[PROVIDED MATERIAL]
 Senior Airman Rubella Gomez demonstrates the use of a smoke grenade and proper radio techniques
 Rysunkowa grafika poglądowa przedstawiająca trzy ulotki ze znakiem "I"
[/PROVIDED MATERIAL]
[PROVIDED MATERIAL]
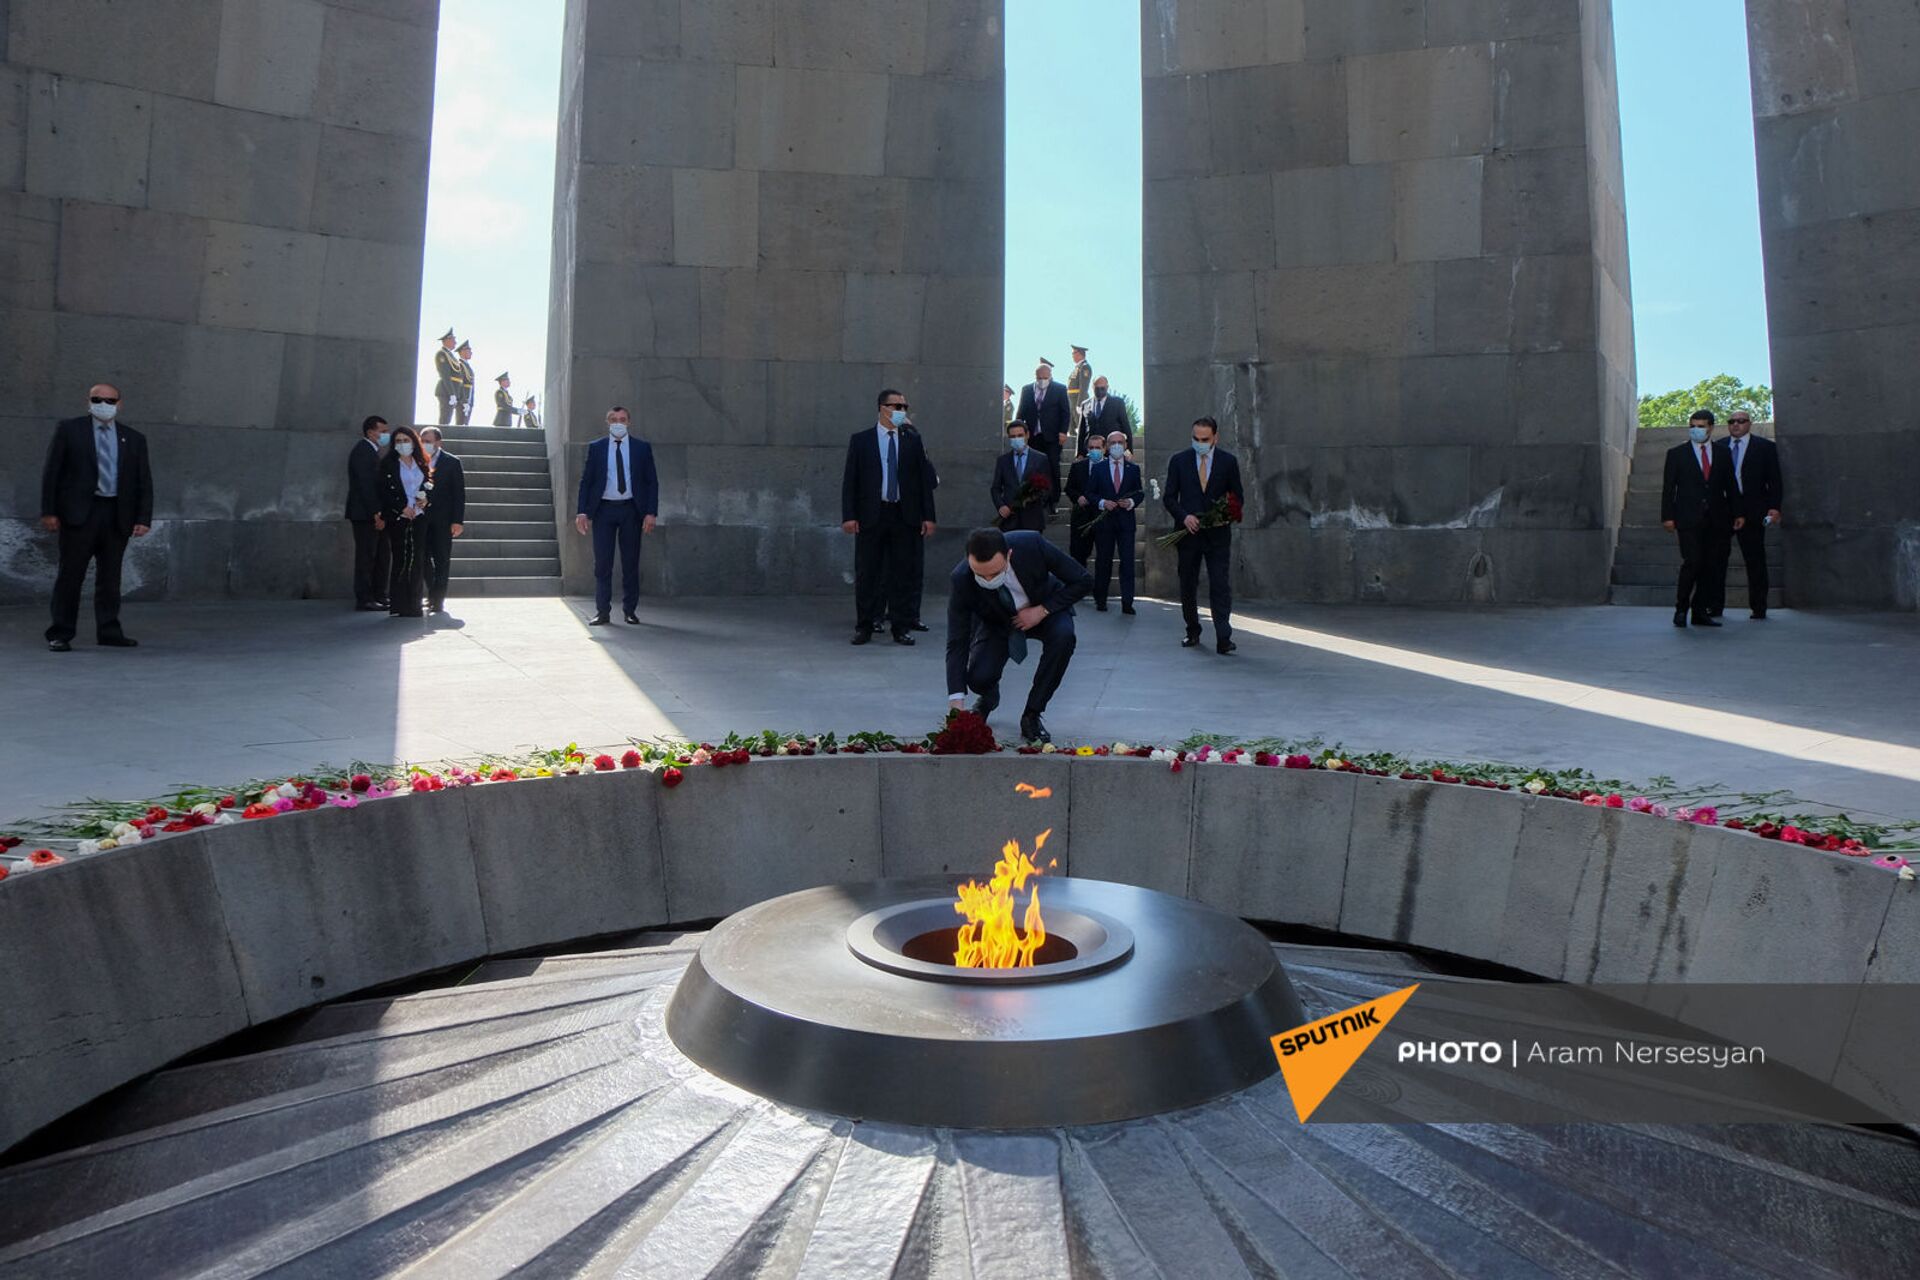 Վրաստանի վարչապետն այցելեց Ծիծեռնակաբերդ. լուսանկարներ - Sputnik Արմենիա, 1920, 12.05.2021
[/PROVIDED MATERIAL]
[PROVIDED MATERIAL]
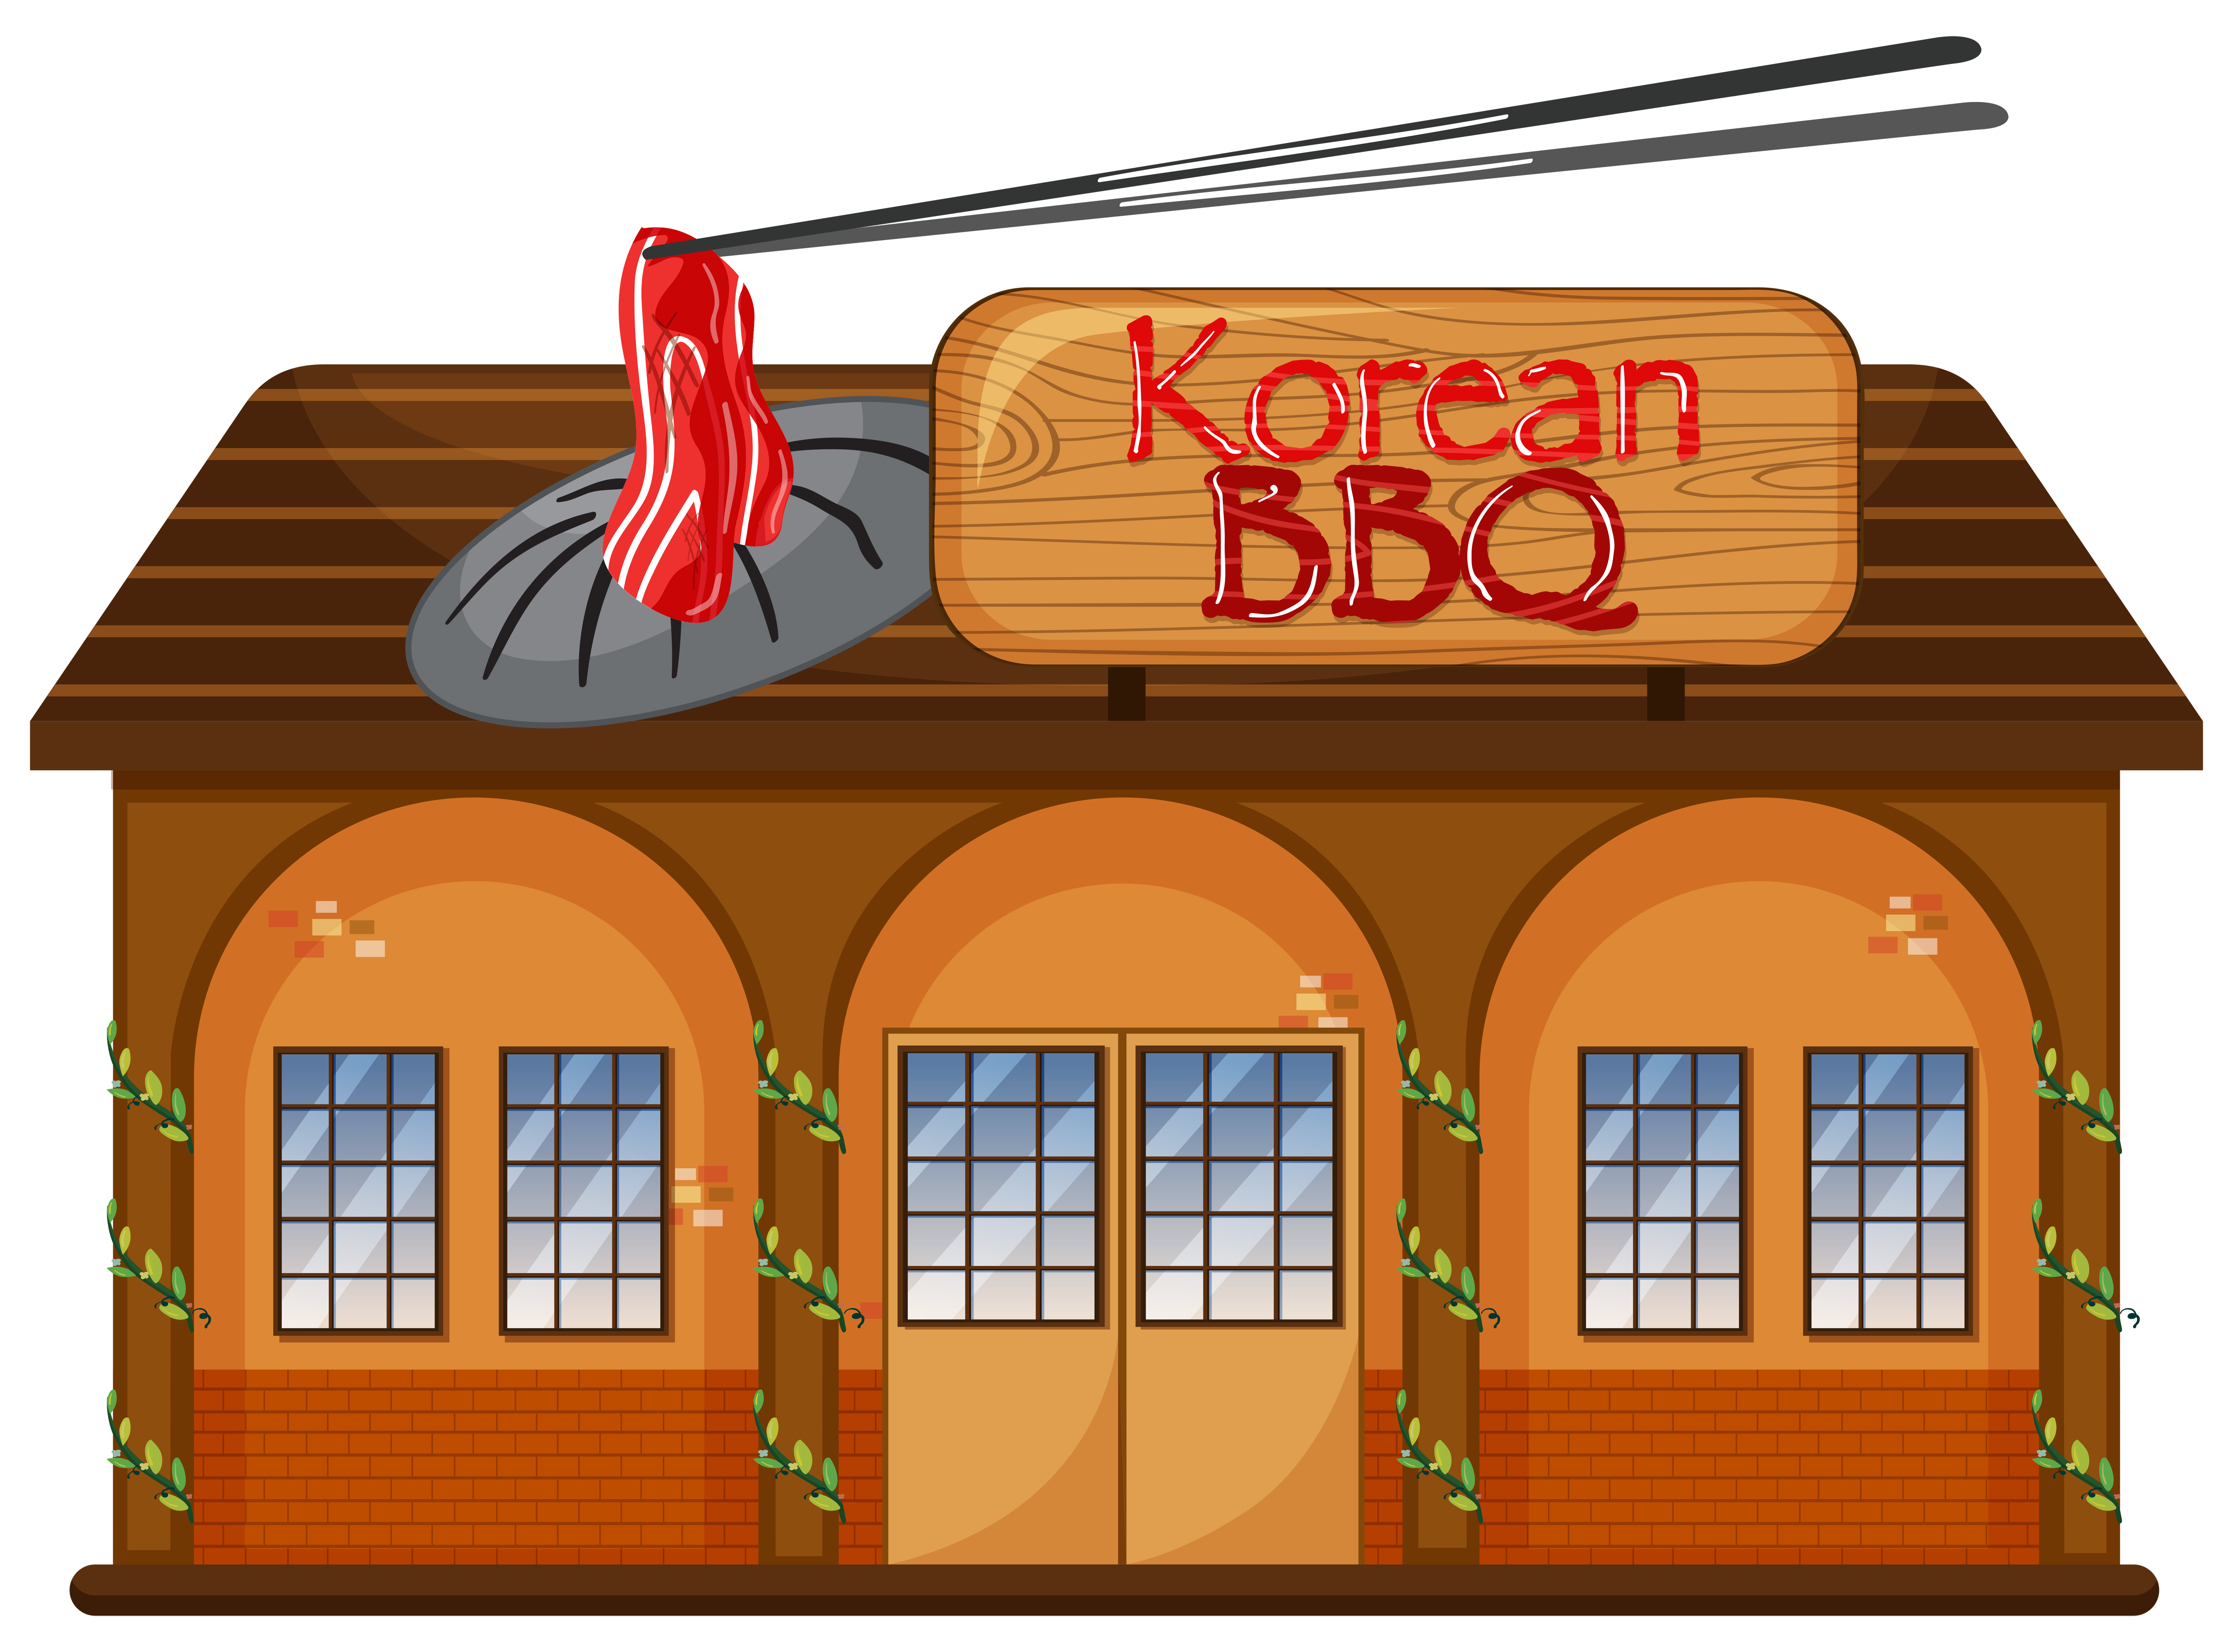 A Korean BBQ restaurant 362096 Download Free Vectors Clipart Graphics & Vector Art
[/PROVIDED MATERIAL]
_PROBLEM TO WORK ON_
Given the records above, restate word for word only the lines starting at the one with "Senior Airman Rubella" and ending at the one with "Rysunkowa grafika poglądowa".

_TASK ANSWER_
 Senior Airman Rubella Gomez demonstrates the use of a smoke grenade and proper radio techniques
 Rysunkowa grafika poglądowa przedstawiająca trzy ulotki ze znakiem "I"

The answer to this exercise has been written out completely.